Proton exchange membrane water electrolysis (PEMWE) has emerged as a reliable water splitting technology in recent years. The oxygen evolution reaction (OER) at the anode, is the rate-determining step in water electrolysis, and therefore, the kinetic and mass transfer performance of the oxygen evolution reaction should be further studied. Efficient electron and water transfer between the catalyst layer (CL) and gas diffusion layer (GDL) is crucial for optimizing PEMWE performance. In this work, Ru-core modified materials were successfully synthesized via a hydrothermal method and then spray-coated onto the surface of the gas diffusion layer. Physical and electrochemical characterization showed that 0.10 mg cm⁻² was the optimal dosage of the coating. The single cell with this optimal coating exhibited a well-promoted and outstanding performance that a cell voltage of 1.71 V@1 A cm⁻² and an overpotential of 222 mV@10 mA cm⁻². This enhancement was primarily attributed to the improved ohmic and mass transfer properties. Specifically, the promotion of kinetic and mass transfer performance was due to the attraction of the empty d-orbitals of Ru, Co, and Ir, which enhanced electron transmission between the catalyst layer (CL) and gas diffusion layer.
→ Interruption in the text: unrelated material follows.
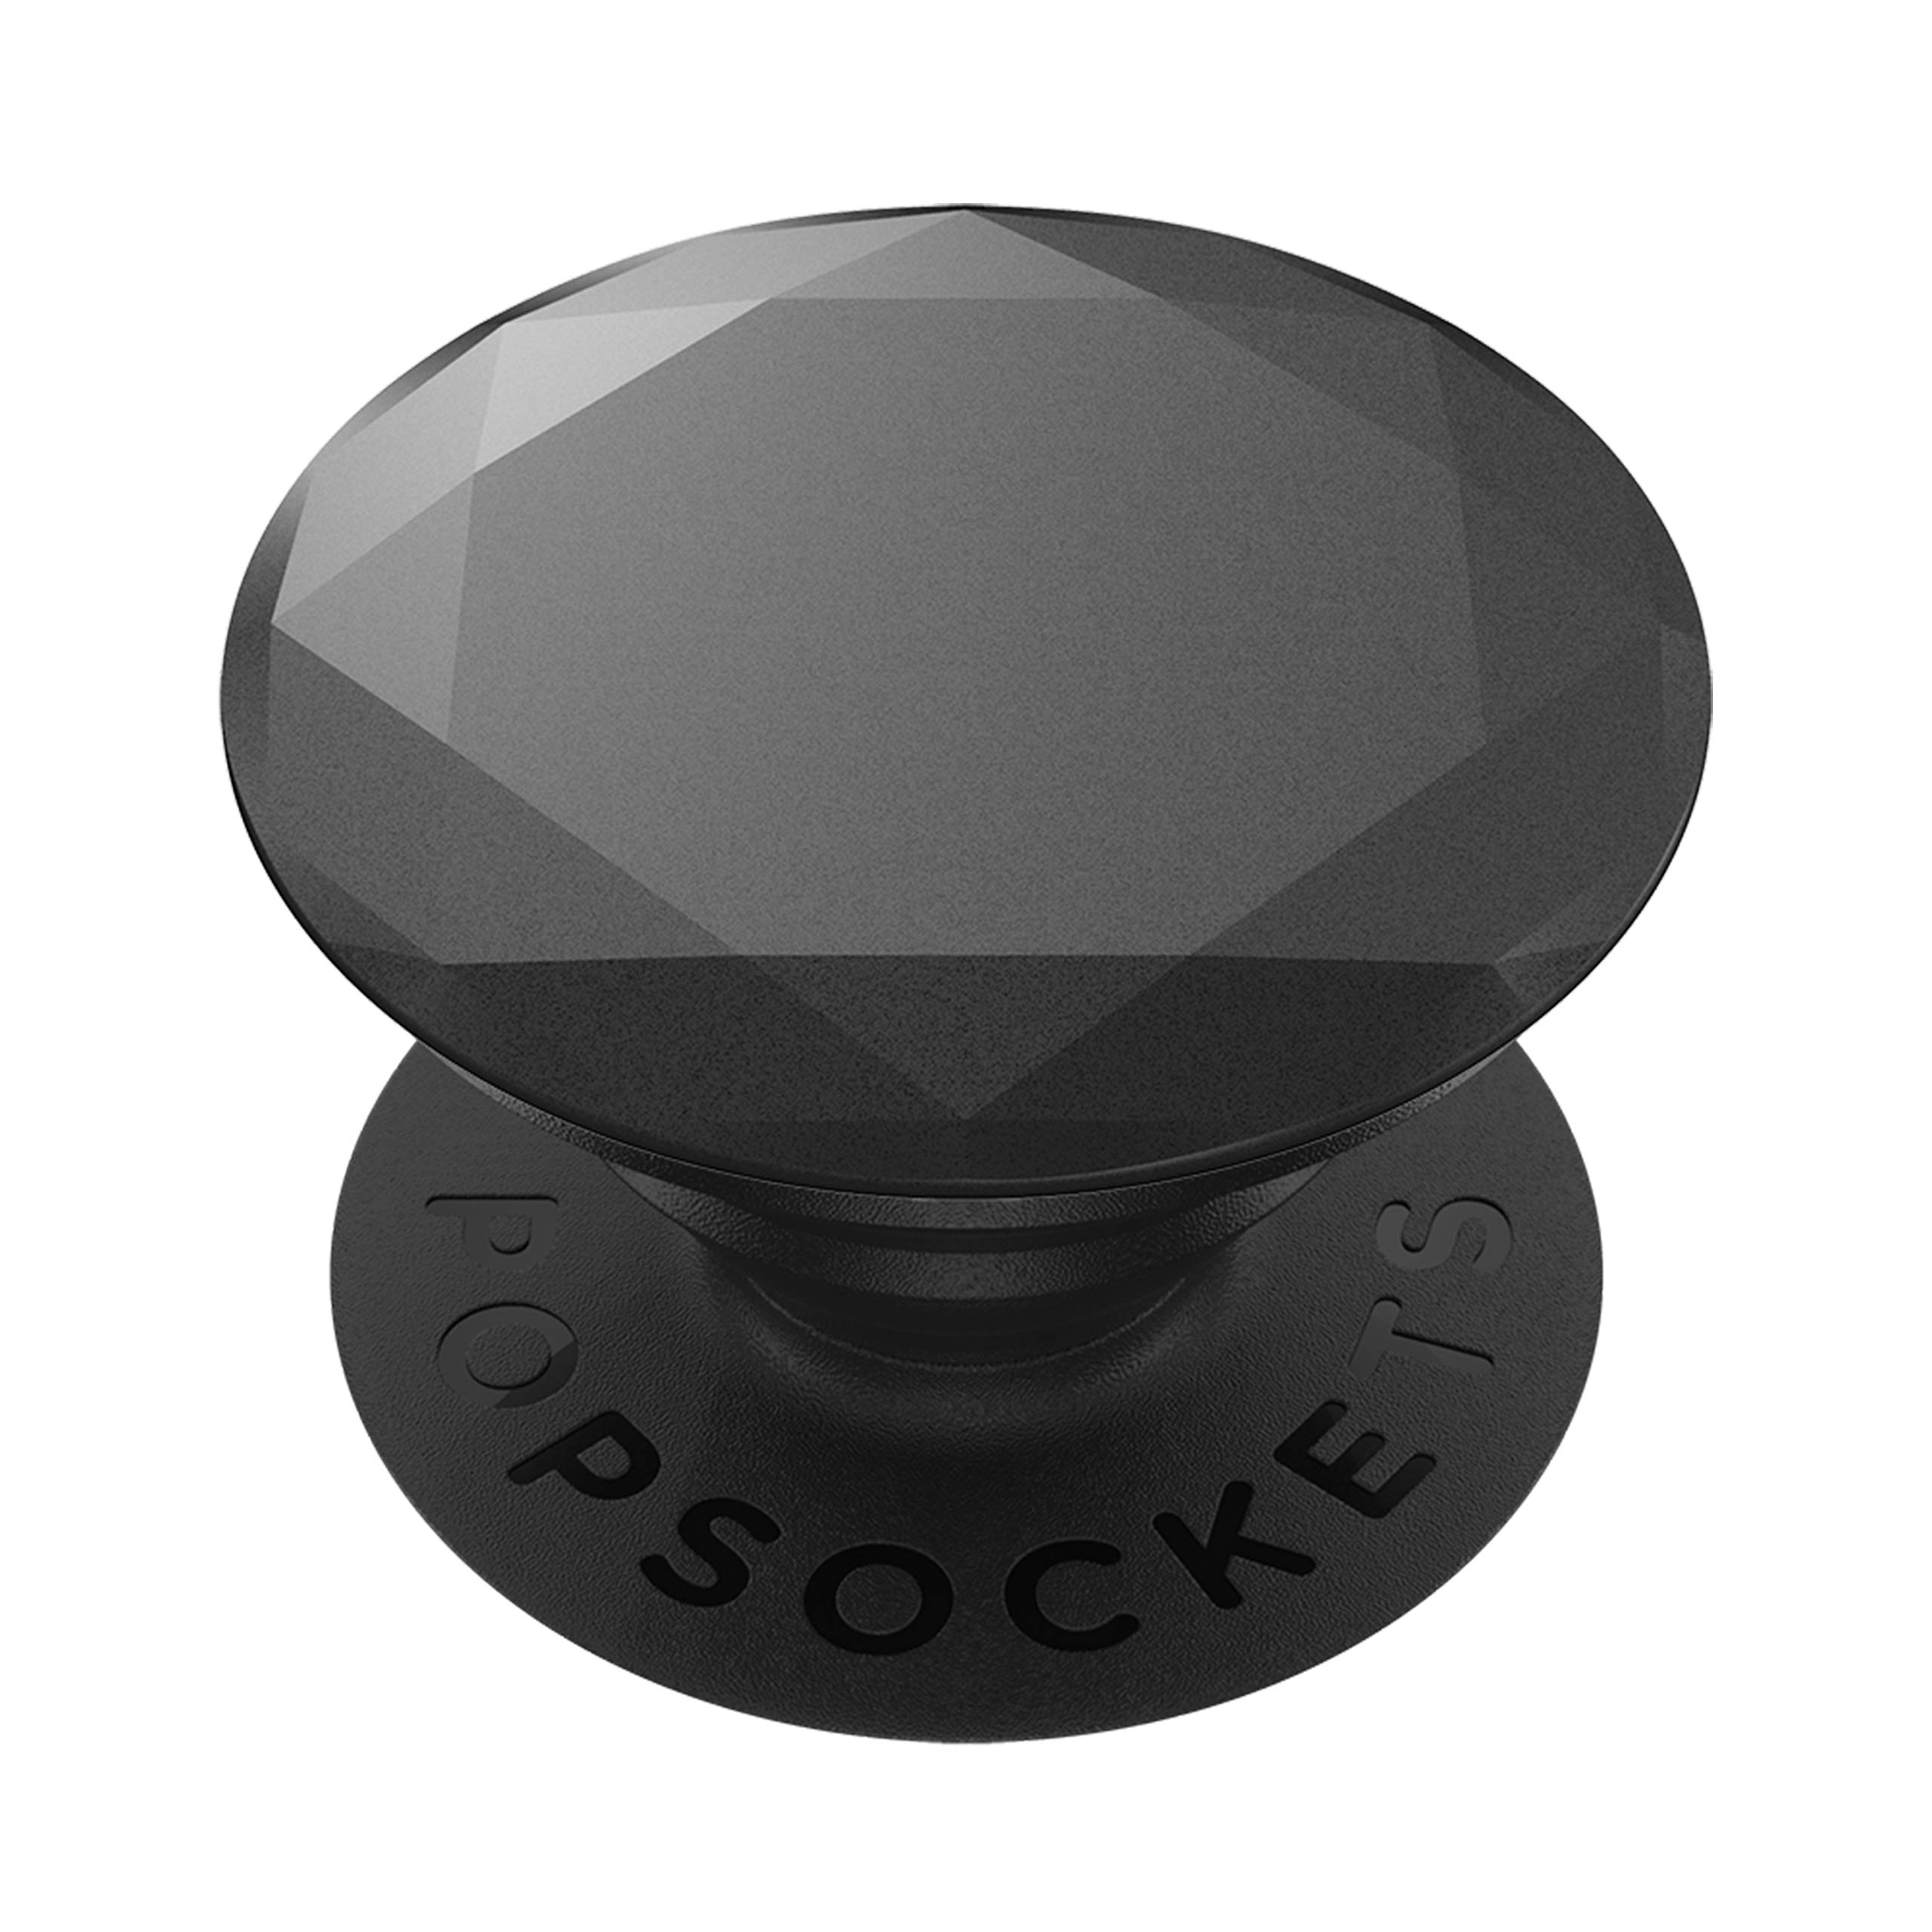 ​​​​PopSockets: Phone Grip with Expanding Kickstand, Pop Socket for Phone - Metallic Diamond Black

Physical analysis revealed that the reductive gaseous products caused Co (Ⅲ) to transform to Co (Ⅱ) and the formation of Co₃O₄ and RuO₂ was well-protected by the Co (II)-rich Co₃O₄ phase due to its reductivity nature. Additionally, the effusion of gaseous products from the solid phase accelerated pore formation, thereby increasing the specific surface area of the material.